*** Opening of GIVEN INFORMATION ***

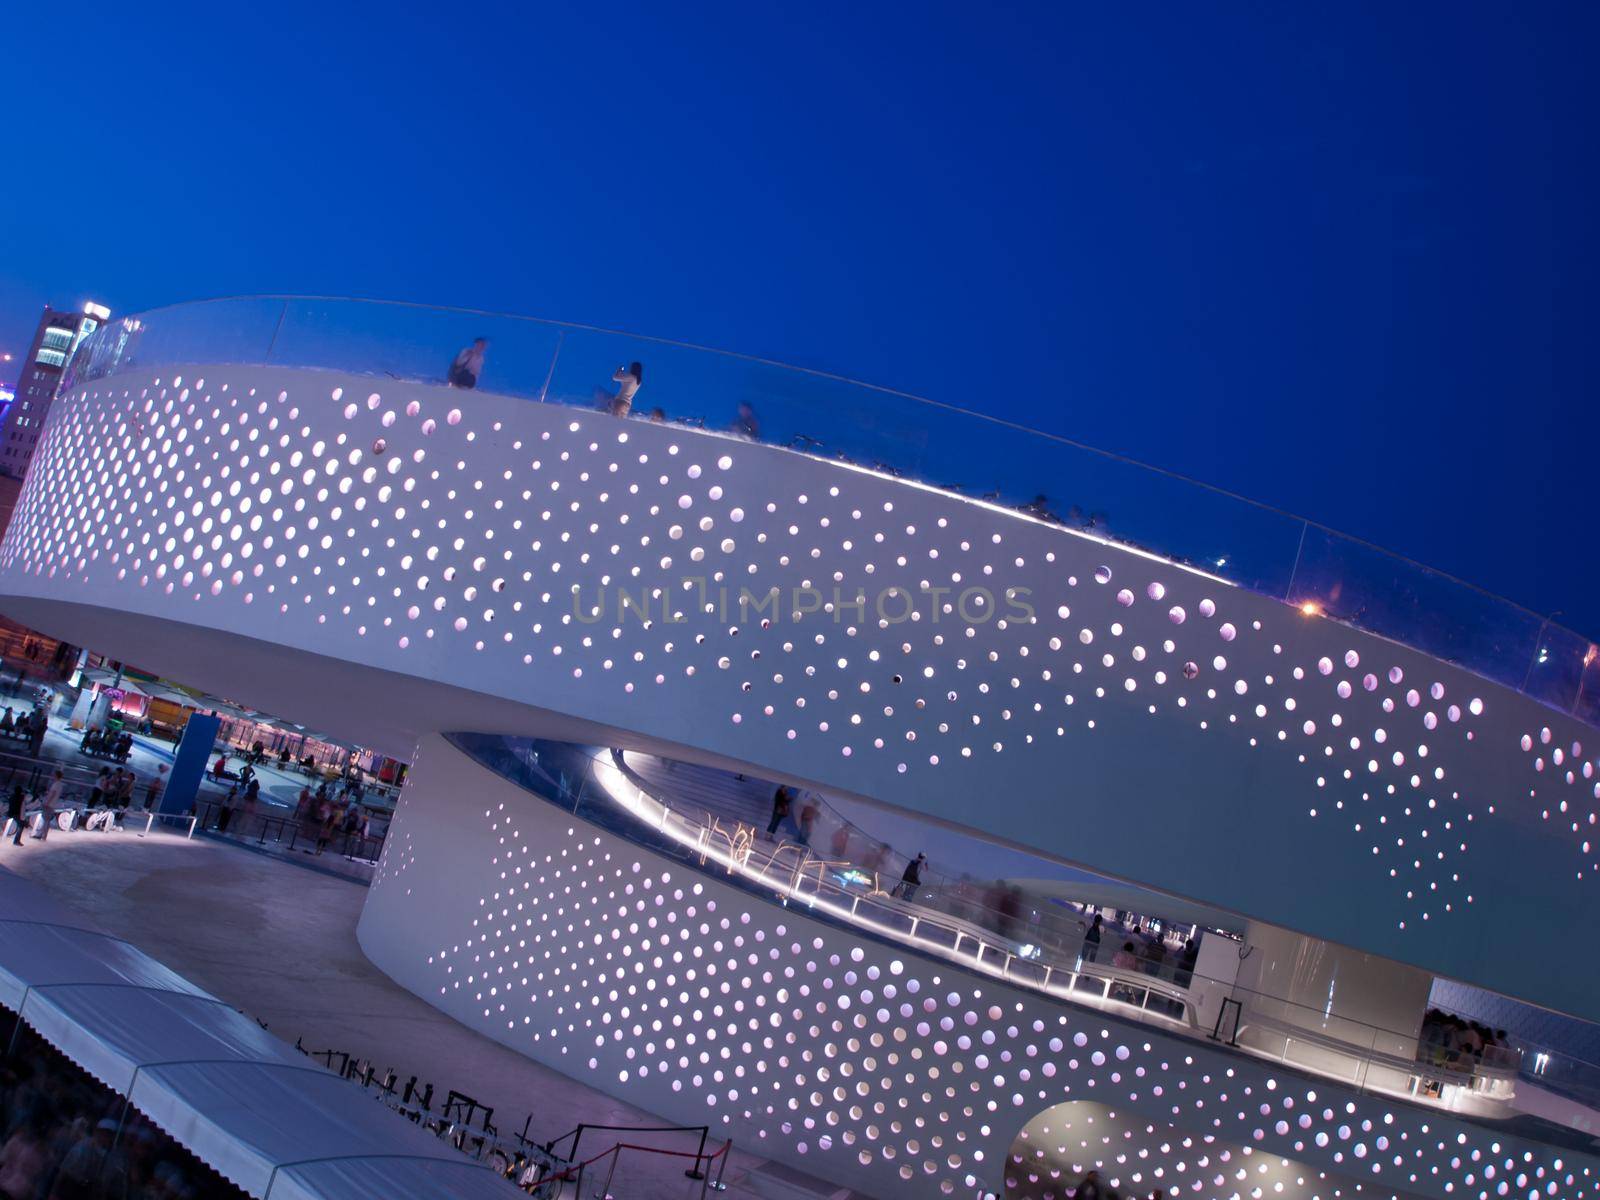 Exterior of the Denmark Pavilion at the EXPO 2010 Shanghai, China.
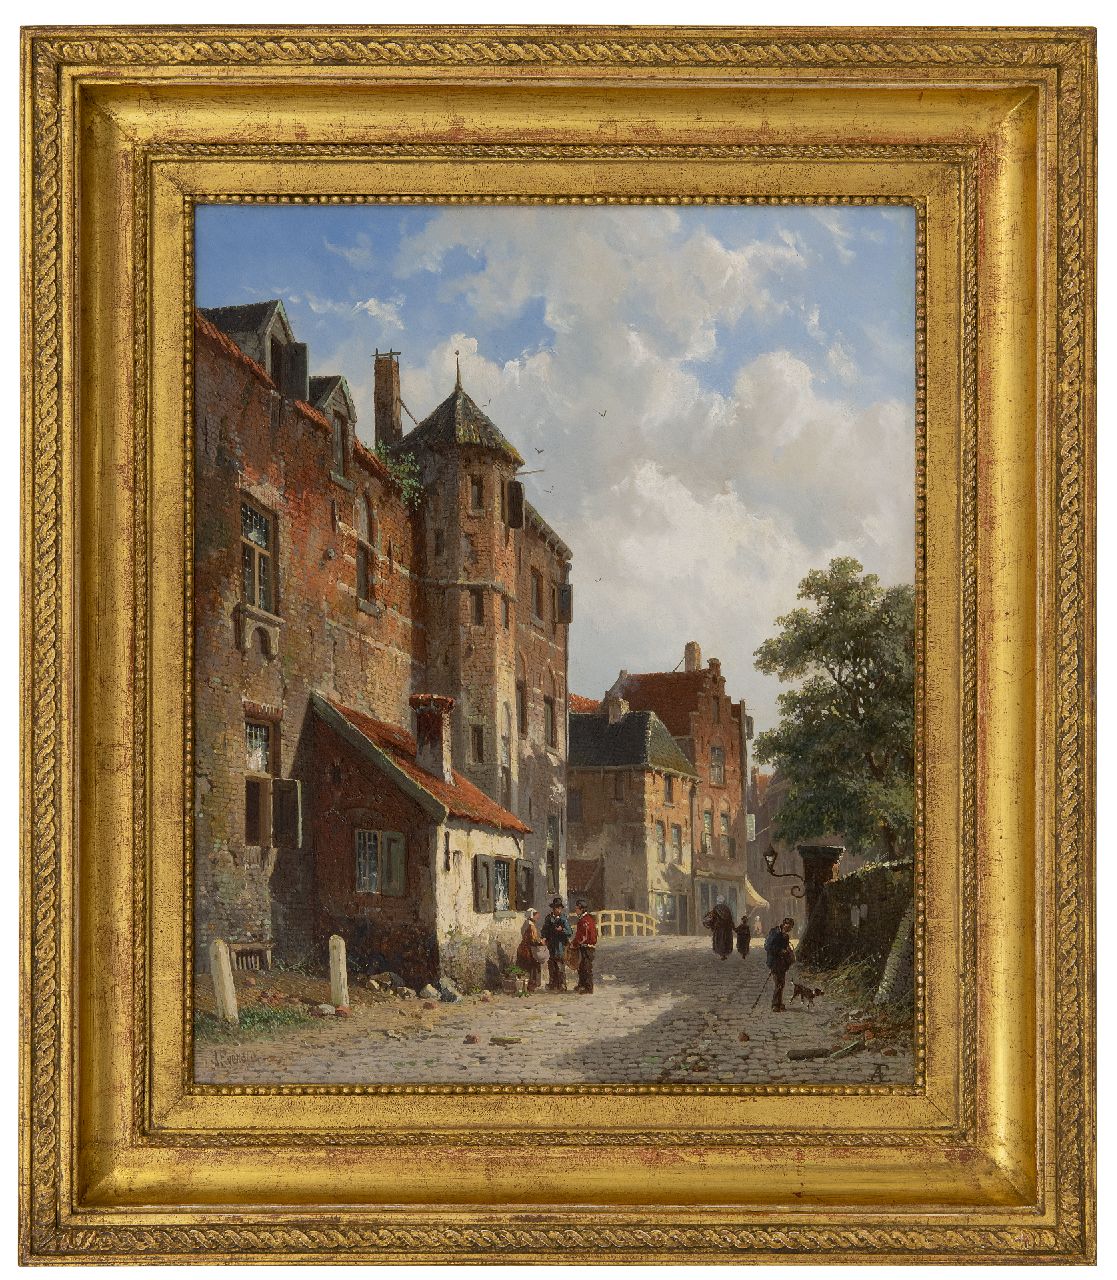 Eversen A.  | Adrianus Eversen | Paintings offered for sale | Sunny Dutch street, oil on panel 41.8 x 34.4 cm, signed l.l. in full and l.r. with monogram
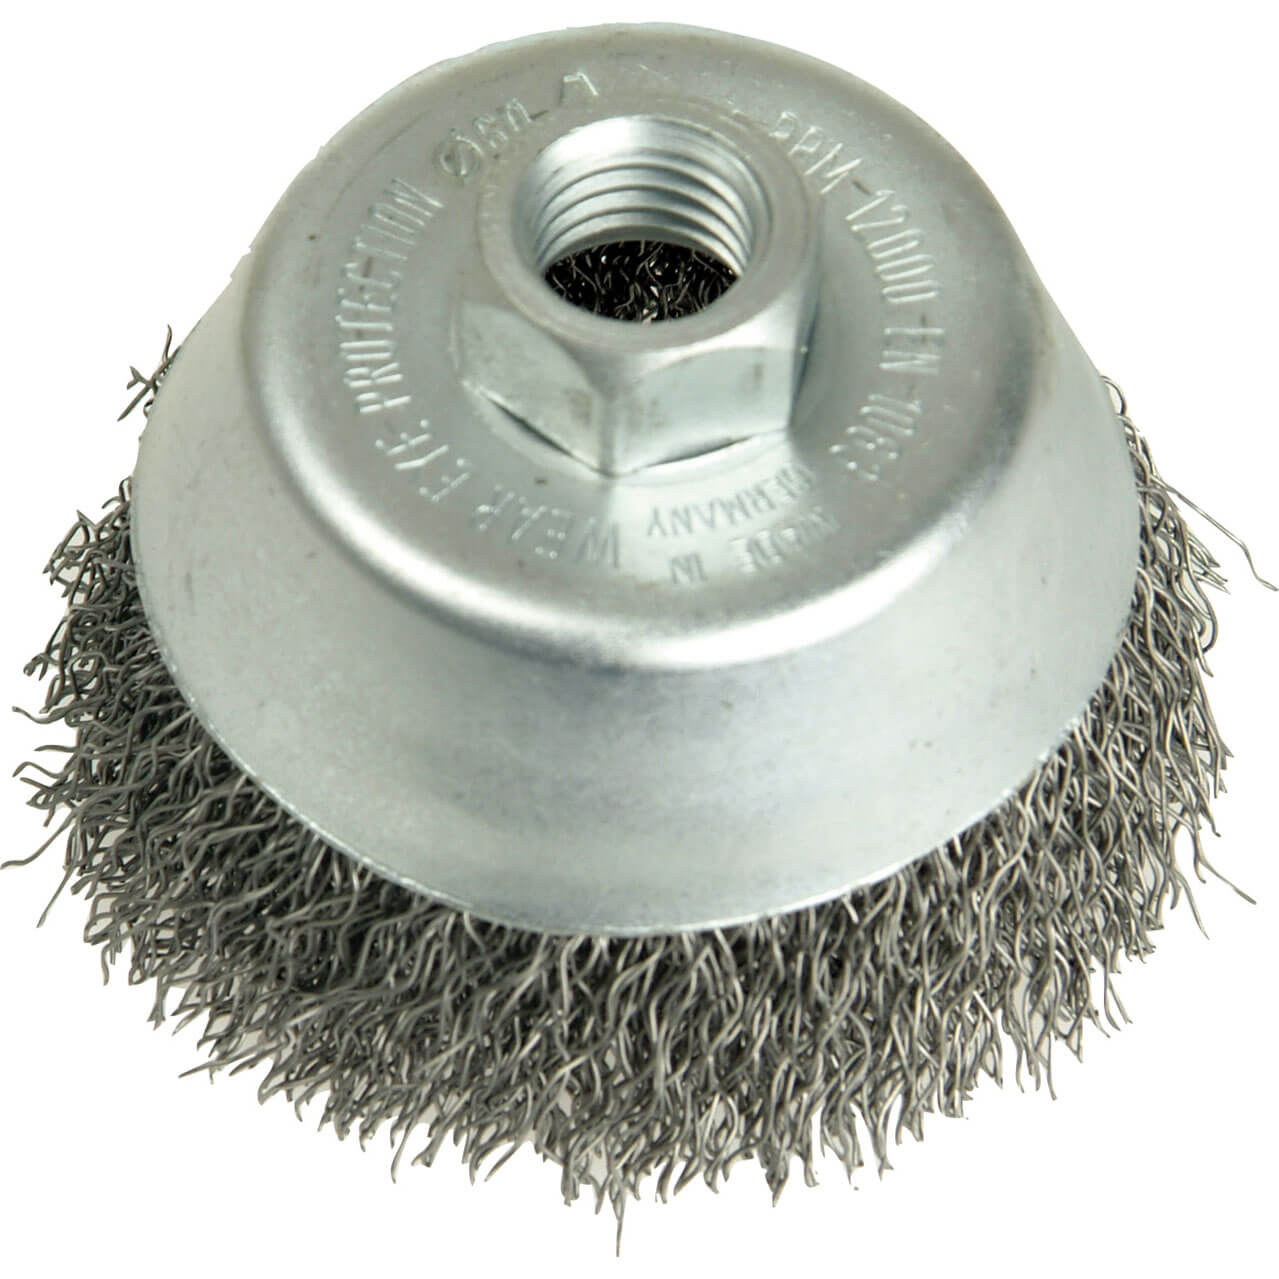 Photos - Power Tool Accessory Lessmann Crimped Steel Wire Cup Brush 80mm M14 x 2.0 Thread LES424177

*** Close of GIVEN INFORMATION ***

| ABOUT THIS TASK |
Set down the material above exactly. Skip any picture.

| ANSWER BELOW |
 Exterior of the Denmark Pavilion at the EXPO 2010 Shanghai, China.
 Eversen A.  | Adrianus Eversen | Paintings offered for sale | Sunny Dutch street, oil on panel 41.8 x 34.4 cm, signed l.l. in full and l.r. with monogram
 Photos - Power Tool Accessory Lessmann Crimped Steel Wire Cup Brush 80mm M14 x 2.0 Thread LES424177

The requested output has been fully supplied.